StreamingCoT: A Dataset for Temporal Dynamics and Multimodal Chain-of-Thought Reasoning in Streaming VideoQA
This addresses the problem of enhancing multimodal models for streaming video applications, though it is incremental as it builds on existing VideoQA and CoT research.
The paper tackles the limitations of current VideoQA datasets by introducing StreamingCoT, a dataset for temporally evolving reasoning and multimodal Chain-of-Thought tasks, establishing a foundation for streaming video understanding with dynamic hierarchical annotations and explicit reasoning chains.

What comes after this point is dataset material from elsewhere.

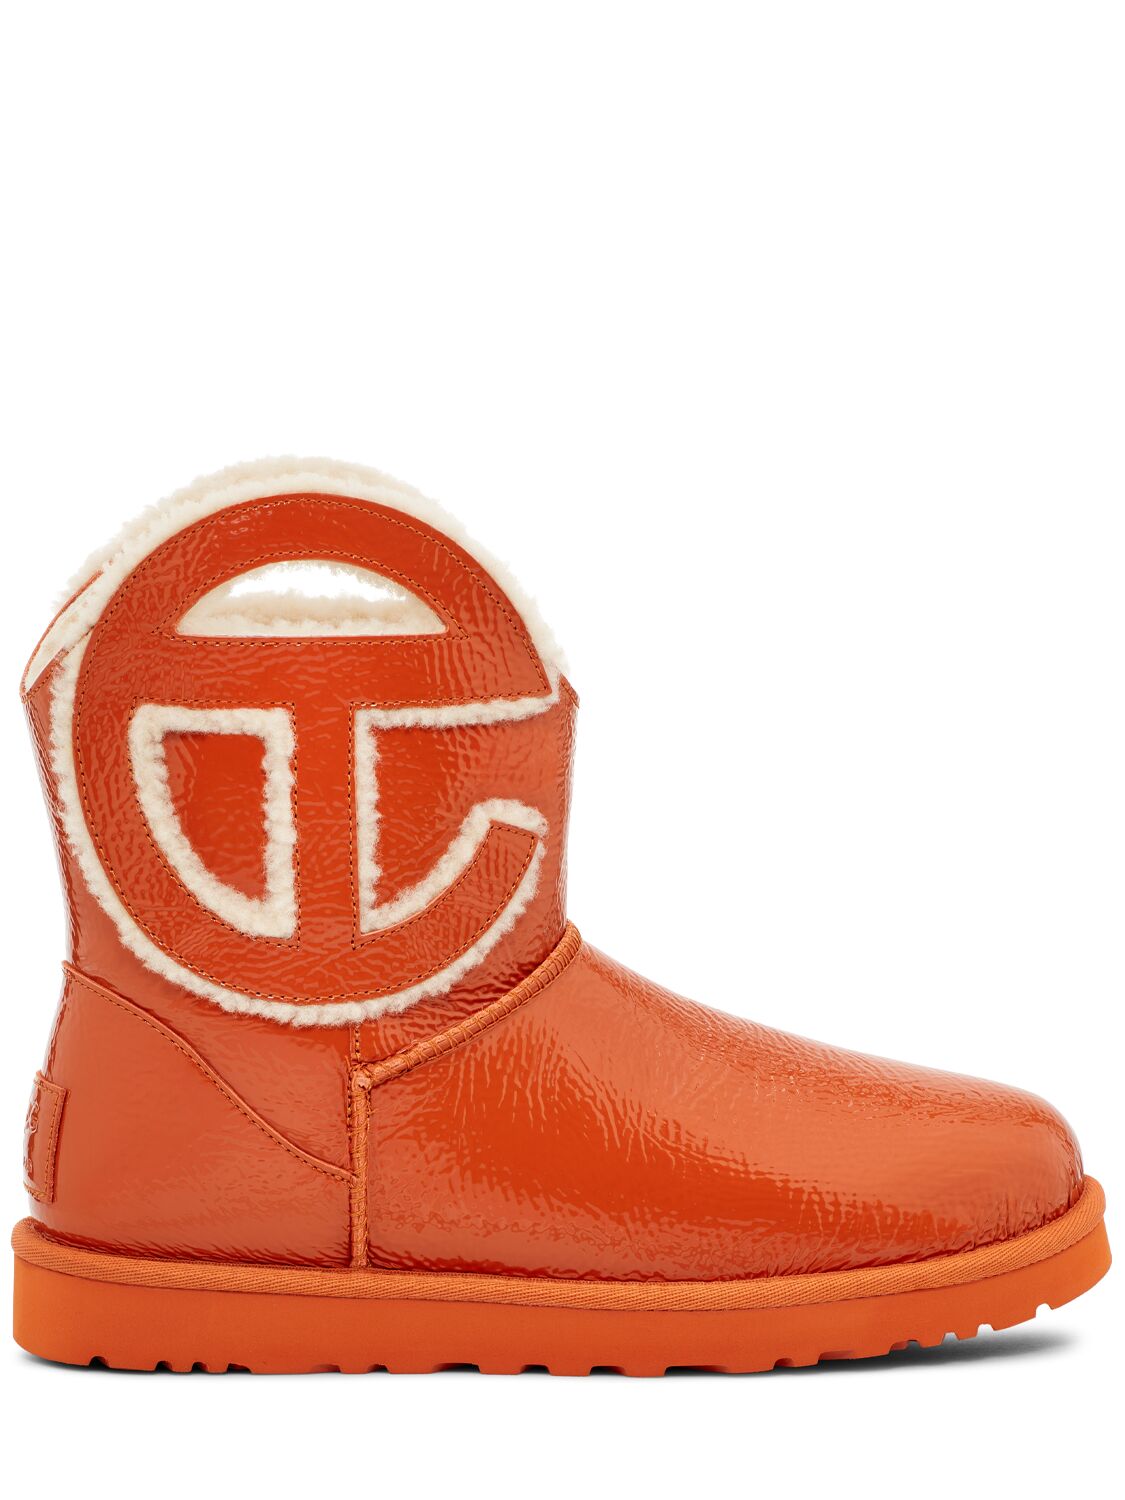 Ugg X Telfar 10毫米telfar迷你褶皱漆皮靴子 In Spicy Pumpkin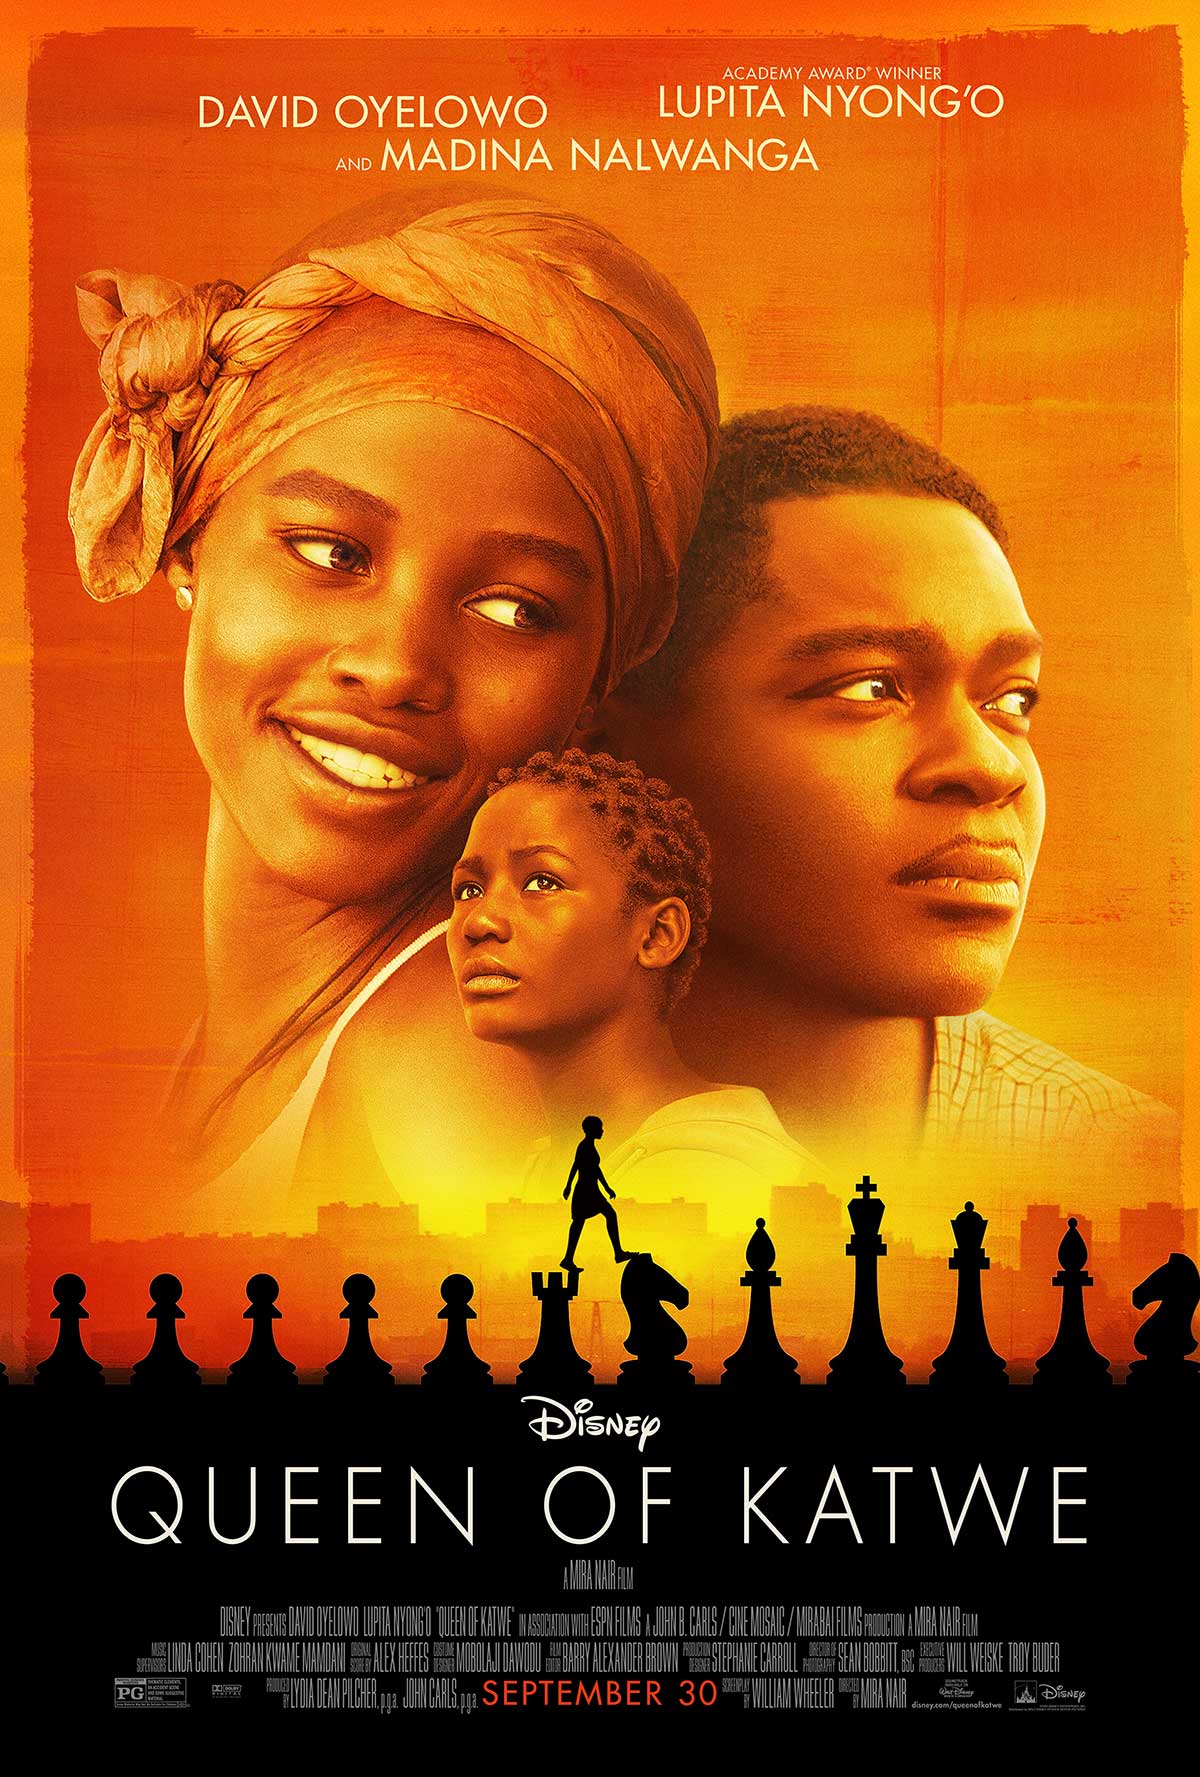 Disney's Queen of Katwe

The rapid growth of streaming video applications demands multimodal models with enhanced capabilities for temporal dynamics understanding and complex reasoning. However, current Video Question Answering (VideoQA) datasets suffer from two critical limitations: 1) Static annotation mechanisms fail to capture the evolving nature of answers in temporal video streams, and 2) The absence of explicit reasoning process annotations restricts model interpretability and logical deduction capabilities. To address these challenges, We introduce StreamingCoT, the first dataset explicitly designed for temporally evolving reasoning in streaming VideoQA and multimodal Chain-of-Thought (CoT) tasks. Our framework first establishes a dynamic hierarchical annotation architecture that generates per-second dense descriptions and constructs temporally-dependent semantic segments through similarity fusion, paired with question-answer sets constrained by temporal evolution patterns. We further propose an explicit reasoning chain generation paradigm that extracts spatiotemporal objects via keyframe semantic alignment, derives object state transition-based reasoning paths using large language models, and ensures logical coherence through human-verified validation. This dataset establishes a foundation for advancing research in streaming video understanding, complex temporal reasoning, and multimodal inference. Our StreamingCoT and its construction toolkit can be accessed at https://github.com/Fleeting-hyh/StreamingCoT.